NASA Administrator Dan Goldin said Friday the agency would stick with its approach.

''Would you rather go back and spend $2 billion to $3 billion a spacecraft and send them up every 10 years and lose one of them?'' he said. ''When we started, we said we'd push the boundaries and we'd lose some, but we haven't lost this one yet.''

If the Mars lander is lost forever, the momentum to study the planet may be diminished, said Robert Zubrin, president of the Mars Society and author of several books supporting exploration of the Red Planet.

''Losing that probe is not a tragedy, but losing the will to explore is. Do we go back and cease being a nation of pioneers?'' he said. ''The problem with the Mars program is that they are underfunded. ... We shouldn't be pinching pennies.''

The lander and orbiter that were to have explored climate history and search for water this year are part of a Red Planet campaign that launches an orbiter and lander every 26 months, when the orbits of Mars and Earth are properly aligned.

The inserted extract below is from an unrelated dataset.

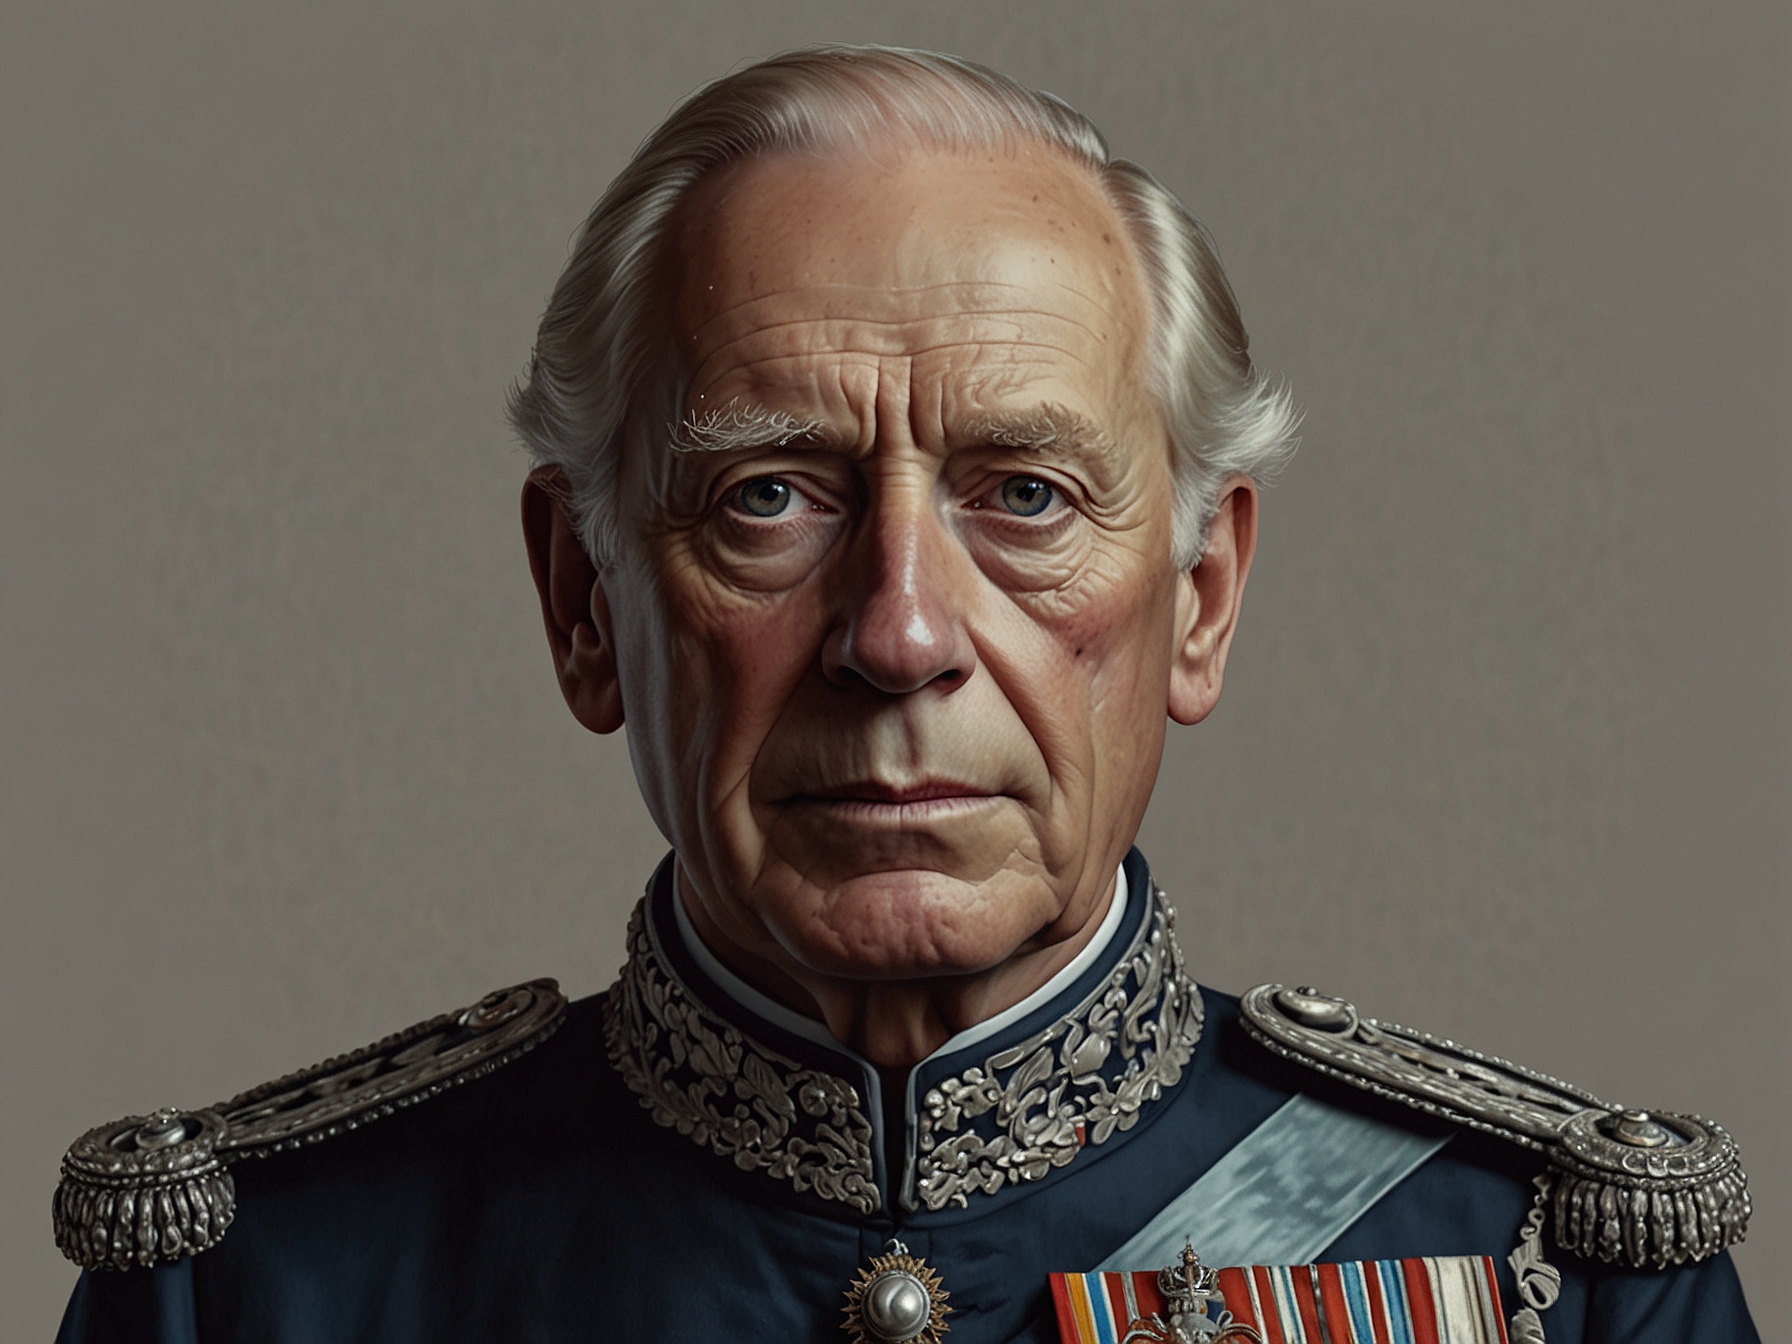 King Charles III, in regal attire, with a steadfast expression, embodying his commitment to preserving the traditional values and structure of the British monarchy.
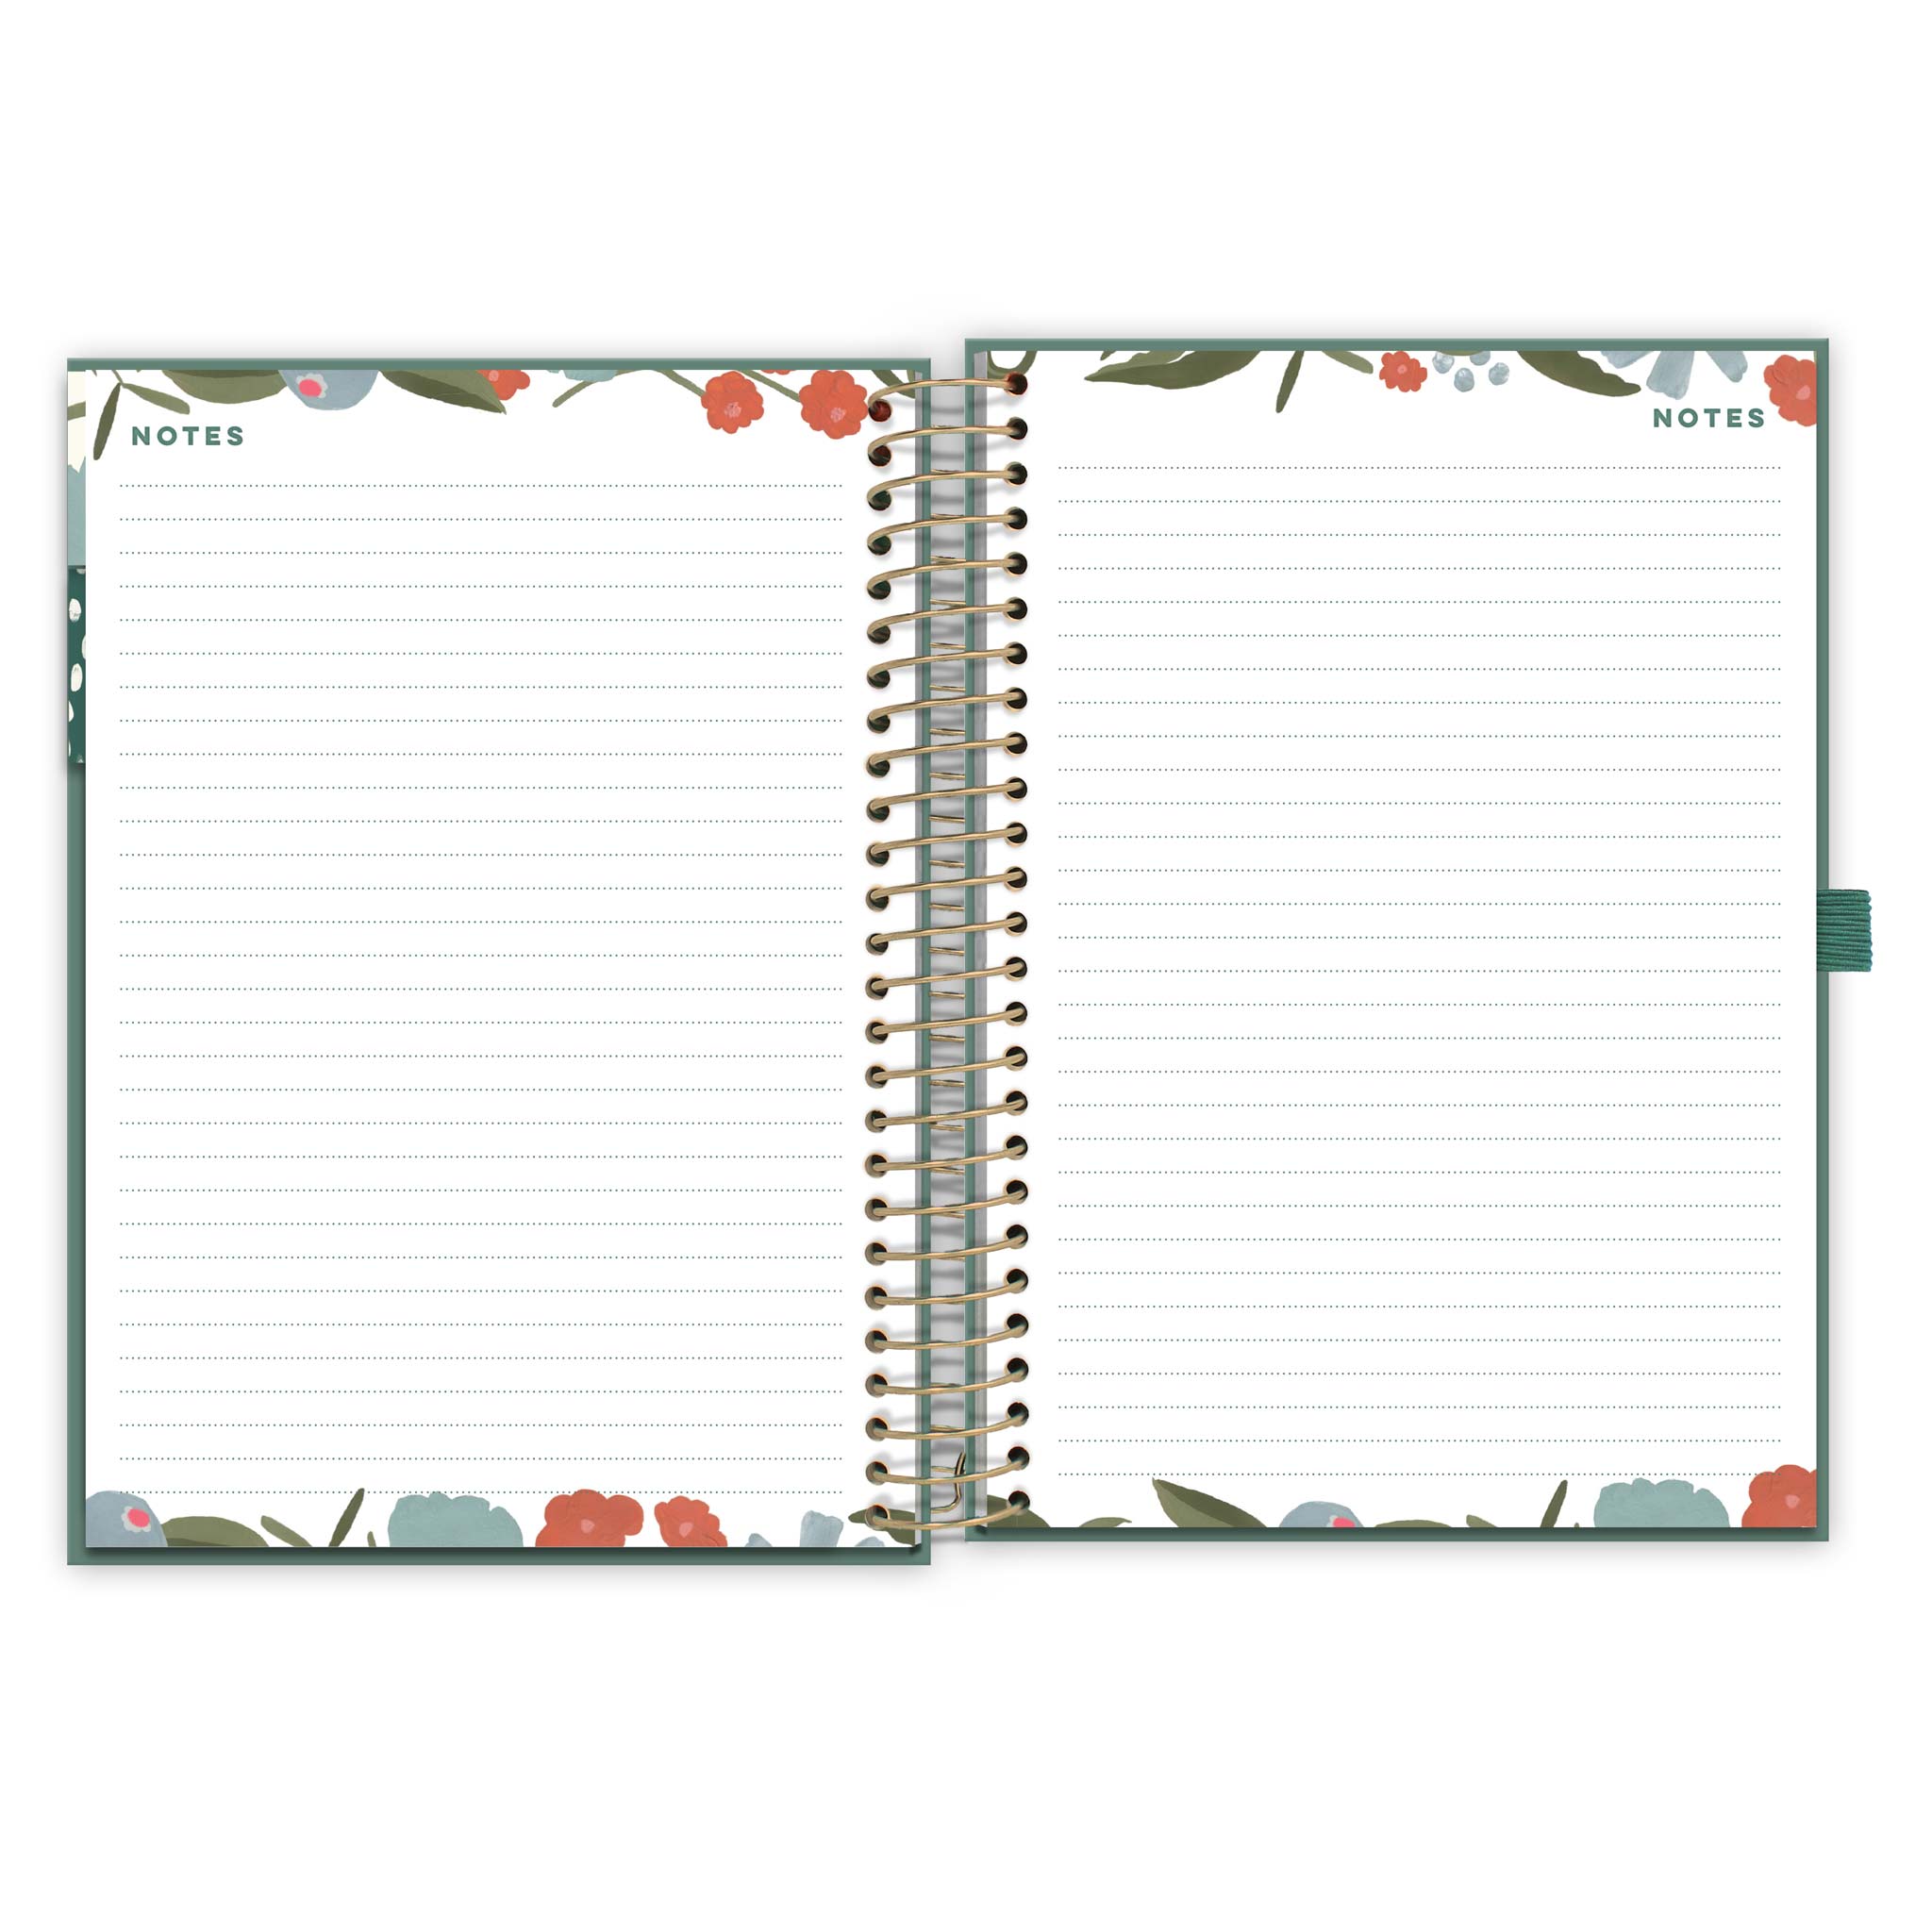 &quot;An open diary spread with floral pattern showing lined note pages &quot;

The policy, in fact, was implemented after NASA's $1 billion Mars Observer probe vanished near the planet in 1993. Even if both this year's missions to the Red Planet have failed, the total loss is only a fraction of Mars Observer.

In the wake of the investigation report, more navigators were added to the lander project and every aspect of the lander mission was reviewed. Another concern - the cold start of thruster rockets during descent - was addressed by turning on heaters before the lander's mission began.

The unprecedented scrutiny of the project after the orbiter disaster, in fact, is one of the reasons mission controllers remain optimistic about hearing from the lander.

''There would seem to be greater cause for anxiety than they have publicly conveyed thus far, although I would not question their observation that there are several more days' worth of opportunities to hear from the lander,'' Pike said Saturday.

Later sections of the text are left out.